# Kindle Horror Story/Amazing Amazon Customer Service Story



## Yollo (Nov 10, 2008)

So, today, I picked up my Kindle, woke it up from sleep mode, only to find the entire top right corner of the screen had frozen, and thin lines across the screen were frozen as well. (ie, the top right corner still showed my sceensaver, everywhere else showed the home screen) I nearly died. How could this happen to me? I had taken such good care of my Kindle, there was no way it was user error. I could hardly breathe. The people around me thought I was crazy.

Anyway, I got home and immediately called customer service. Once I explained everything to the guy, he immediately started to get me set up with a new Kindle. I internally lol'ed when he said, "I'm sorry, but I have to ask you, did you drop it or anything?" It seemed so off hand and like he had just merely forgotten to ask such a trivial question. Then the guy apologized to me, because he said they usually overnight replacement Kindles, but since there are literally zero in the warehouse, he couldn't send me one right then. Amazon is expecting a shipment of Kindles in about a week, he promised mine would be the first one out of the warehouse.

All in all, the pain of having a broken Kindle was assuaged by Amazon's amazing customer service. Now I guess I have to pick up my few remaining DTBs I put by the wayside when my Kindle arrived. I cannot believe I am back in the "Waiting for My Kindle to Arrive" category. Ack!


----------



## Betsy the Quilter (Oct 27, 2008)

Kimblee!

That's awful that you are Kindleless right now...but glad that you found the Customer Service to be good, we hear consistently good stuff.  Love dealing with a company that knows how to treat customers!

Hang out here with us, we'll help pass the time!

Betsy


----------



## Leslie (Apr 7, 2008)

Kimblee, how long did you have your Kindle? As I recall, you received it not that long ago but with so many new Kindlers here, I am getting names mixed up (sorry, everyone!).

L


----------



## Angela (Nov 2, 2008)

So sorry to hear about your sick Kindle, Kimblee! Hopefully the wait for a replacement won't be too long.


----------



## Yollo (Nov 10, 2008)

Leslie said:


> Kimblee, how long did you have your Kindle? As I recall, you received it not that long ago but with so many new Kindlers here, I am getting names mixed up (sorry, everyone!).
> 
> L


I've had it for about two weeks now, and it's worked flawlessly up until now. (No worries about names getting mixed up...I'm relatively new here too!)

I also forgot to tell you guys about how after all the details were through, I said "Thanks so much, I don't think I could live without my Kindle." and the guy was like, "You've had it for two weeks and you're that attached already?" and I was like "Uh, YEAH." He laughed a little. lol.....


----------



## cush (Oct 27, 2008)

You know, don't you.
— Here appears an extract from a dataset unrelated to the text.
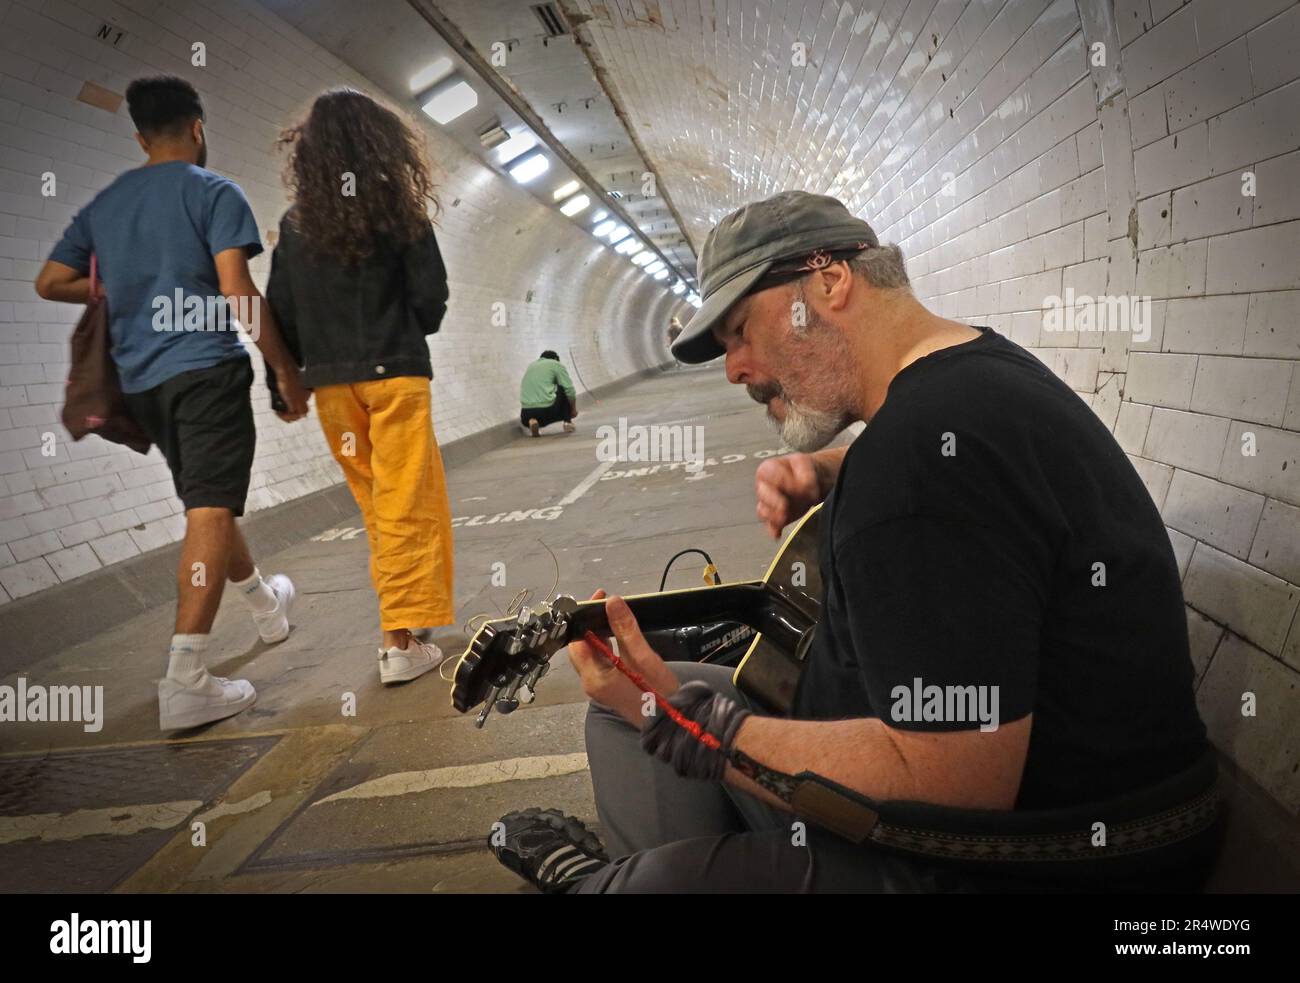 Busker in the Greenwich Thames foot tunnel, entertaining walkers going from Greenwich to the Isle Of Dogs, east London, England, UK, SE10 9HT Stock Photo

Kimblee that when something like this happens the (electronic) soul of your original Kindle somehow reincarnates in your new one.  The same friend and companion will be inside your new Kindle waiting to share many hours of happy reading with you.


----------



## Guest (Dec 6, 2008)

Yep, you got yours about the same time I got mine.  I hope I don't have to go through that.  I'd be begging for a refurb or anything just send it and send it now!!


----------



## Yollo (Nov 10, 2008)

cush said:


> You know, don't you. Kimblee that when something like this happens the (electronic) soul of your original Kindle somehow reincarnates in your new one. The same friend and companion will be inside your new Kindle waiting to share many hours of happy reading with you.


I had no doubt. I was thinking more along the lines of twin brother than reincarnated soul, but I think I like your idea better....



Vampyre said:


> Yep, you got yours about the same time I got mine. I hope I don't have to go through that. I'd be begging for a refurb or anything just send it and send it now!!


They were out of refurbs too. I asked.


----------



## Guest (Dec 6, 2008)

They need to make plushie Kindle bears to hold over the people that lose theirs.


----------



## Yollo (Nov 10, 2008)

Vampyre said:


> They need to make plushie Kindle bears to hold over the people that lose theirs.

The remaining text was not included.